One thing that has changed since the media last had a chance to speak with the Buckeyes is that all of the 2012 recruiting class is now on campus. The Ohio State seniors have been especially impressed with this year's class, with Simon singling out defensive end Noah Spence as a player who has joined him for 6 a.m. workouts.

"When they come and work out with us, they're so enthusiastic about football," Simon said. "They're ready for college football. They want to take that next step and we're watching a lot of film with the young guys, trying to teach them little things here and there. As seniors on the d-line, myself and Garrett Goebel, I think we've done an alright job."

Like Simon, Sabino has also been impressed by the freshmen in his position group, although he mentioned that it's hard to single out any of the new OSU linebackers just yet.

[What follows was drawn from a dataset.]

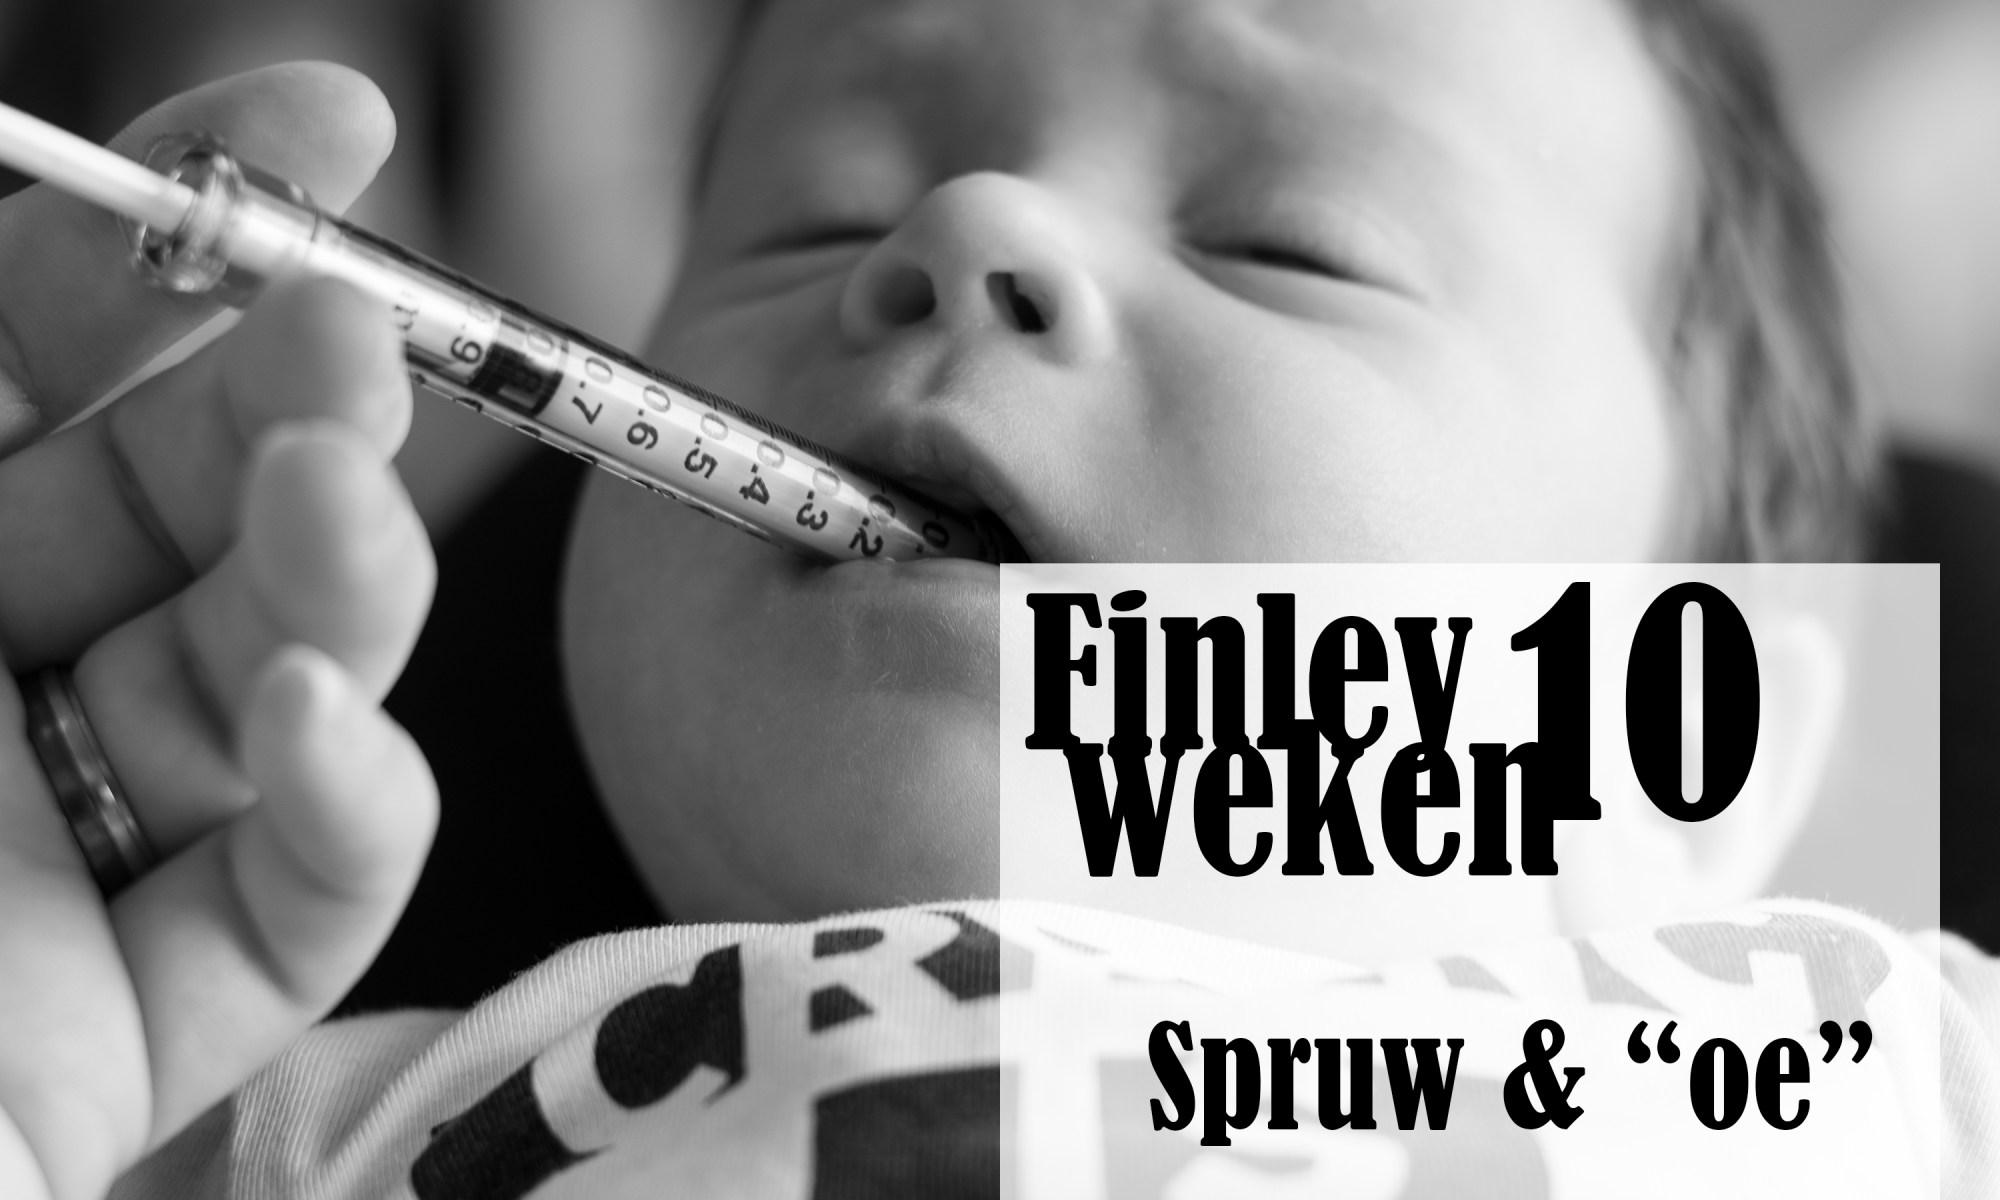 Finley 10 weken oud spruw 4moms mamaroo baby newborn ontwikkeling borstvoeding lachen babbelen mama blog www.liefkleinwonder.nl

"It's hard to say that one jumps out at me. I think they all bring something different to the table," Sabino said. "I think the potential in that room is, in my opinion, it may be better than it's ever been. But potential can only take you so far."

That School Up North

With players and coaches from all of the Big Ten schools in just one room, it was only natural that Ohio State players were asked about their rivals at Michigan, and vice-versa. And if the players' responses to such questions are any indication, the addition of Meyer to OSU has done nothing been add fuel to the rivalry's fire.

"You get fired up for that game every year, and it's always the last game on your schedule," Simon said. "When you play Michigan, it's always going to be a dog fight for 60-plus minutes, and this year we're looking forward to the challenge."

Two of the current faces of the rivalry- Meyer and Michigan quarterback Denard Robinson- have a preexisting relationship due to Meyer's attempt at recruiting the Deerfield Beach, Fla. native while serving as the head coach at Florida.

"I almost committed to him, so what do you think?" Robinson said when asked of his impressions of Meyer. "He's alright."